Example 5-19. Writing CSV in Scala
pandaLovers.map(person => List(person.name, person.favoriteAnimal).toArray)
.mapPartitions{people =>
  val stringWriter = new StringWriter();
  val csvWriter = new CSVWriter(stringWriter);
  csvWriter.writeAll(people.toList)
  Iterator(stringWriter.toString)
}.saveAsTextFile(outFile)

As you may have noticed, the preceding examples work only provided that we know all of the fields that we will be outputting. However, if some of the field names are determined at runtime from user input, we need to take a different approach. The simplest approach is going over all of our data and extracting the distinct keys and then taking another pass for output.

SequenceFiles

SequenceFiles are a popular Hadoop format composed of flat files with key/value pairs. SequenceFiles have sync markers that allow Spark to seek to a point in the file and then resynchronize with the record boundaries. This allows Spark to efficiently read SequenceFiles in parallel from multiple nodes. SequenceFiles are a common input/output format for Hadoop MapReduce jobs as well, so if you are working with an existing Hadoop system there is a good chance your data will be available as a SequenceFile.
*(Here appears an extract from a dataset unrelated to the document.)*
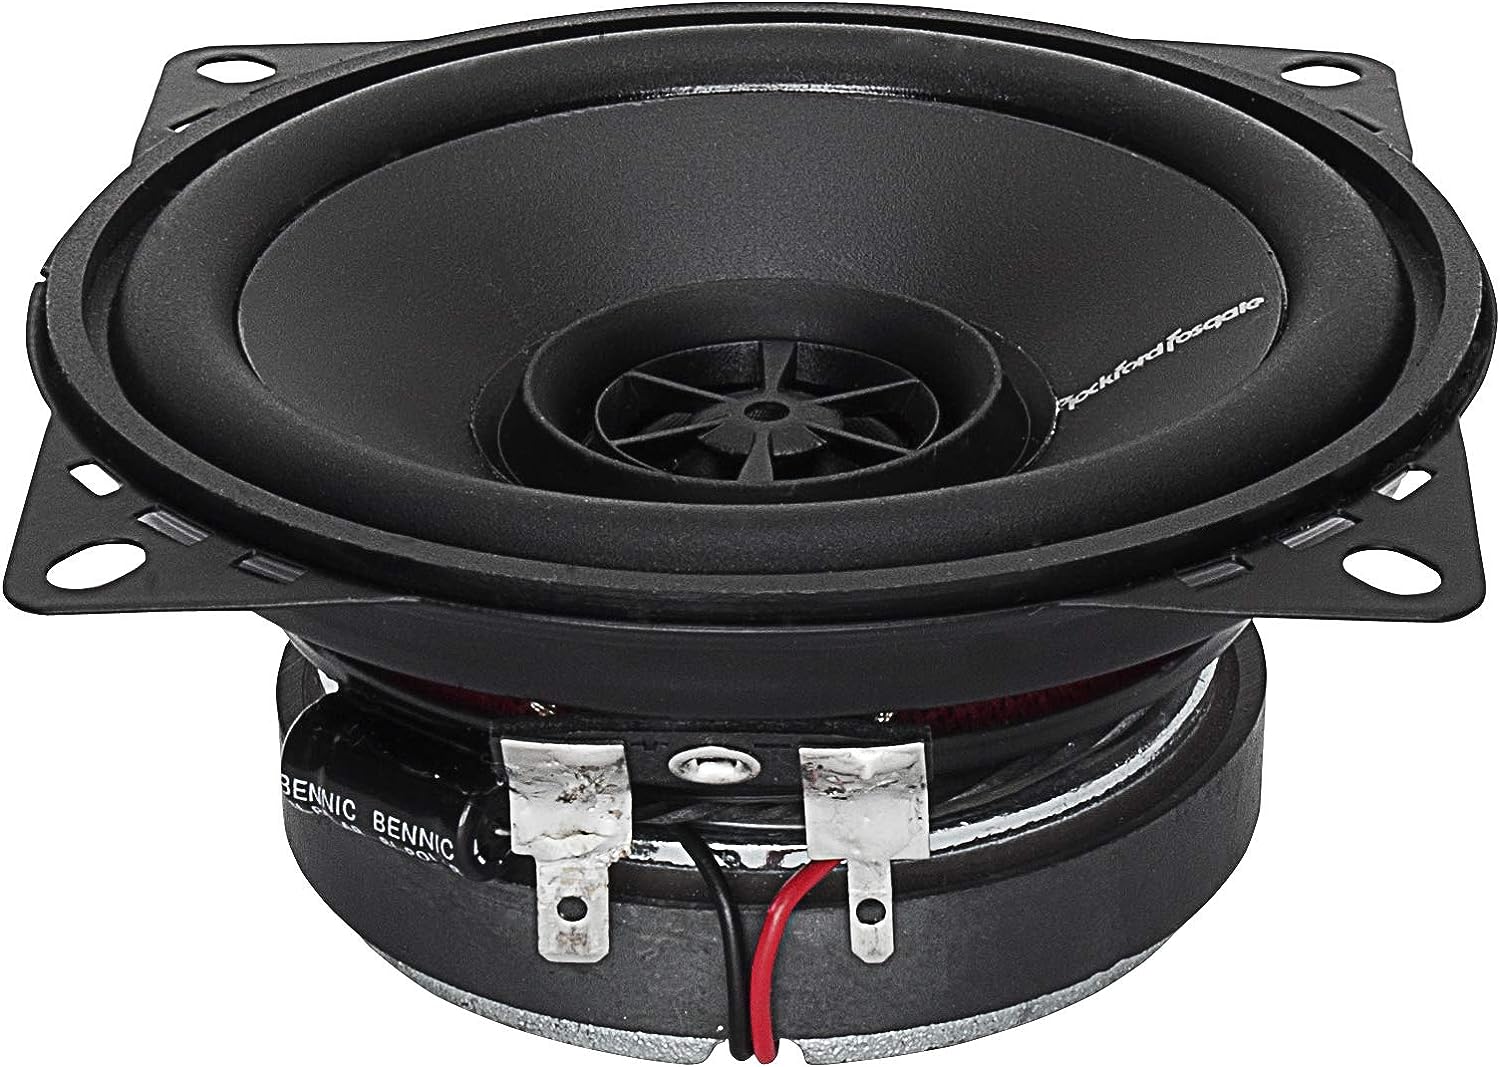 Rockford Fosgate R14X2 4" Inch 120W 2-Way Car Stereo Speakers

SequenceFiles consist of elements that implement Hadoop’s Writable interface, as Hadoop uses a custom serialization framework. Table 5-2 lists some common types and their corresponding Writable class. The standard rule of thumb is to try adding the word Writable to the end of your class name and see if it is a known subclass of org.apache.hadoop.io.Writable. If you can’t find a Writable for the data you are trying to write out (for example, a custom case class), you can go ahead and implement your own Writable class by overriding readFields and write from org.apache.hadoop.io.Writable.

Warning

Hadoop’s RecordReader reuses the same object for each record, so directly calling cache on an RDD you read in like this can fail; instead, add a simple map() operation and cache its result. Furthermore, many Hadoop Writable classes do not implement java.io.Serializable, so for them to work in RDDs we need to convert them with a map() anyway.

Table 5-2. Corresponding Hadoop Writable types
Scala type Java type Hadoop Writable

Int

Integer

IntWritable or VIntWritable6

Long

Long

LongWritable or VLongWritable6

Float

Float

FloatWritable

Double

Double

DoubleWritable

Boolean

Boolean

BooleanWritable

Array[Byte]

byte[]

BytesWritable

String

String

Text

Array[T]

T[]

ArrayWritable<TW>7

List[T]

List<T>

ArrayWritable<TW>7

Map[A, B]

Map<A, B>

MapWritable<AW, BW>7

In Spark 1.0 and earlier, SequenceFiles were available only in Java and Scala, but Spark 1.1 added the ability to load and save them in Python as well. Note that you will need to use Java and Scala to define custom Writable types, however. The Python Spark API knows only how to convert the basic Writables available in Hadoop to Python, and makes a best effort for other classes based on their available getter methods.

Loading SequenceFiles

Spark has a specialized API for reading in SequenceFiles. On the SparkContext we can call sequenceFile(path, keyClass, valueClass, minPartitions). As mentioned earlier, SequenceFiles work with Writable classes, so our keyClass and valueClass will both have to be the correct Writable class. Let’s consider loading people and the number of pandas they have seen from a SequenceFile. In this case our keyClass would be Text, and our valueClass would be IntWritable or VIntWritable, but for simplicity we’ll work with IntWritable in Examples 5-20 through 5-22.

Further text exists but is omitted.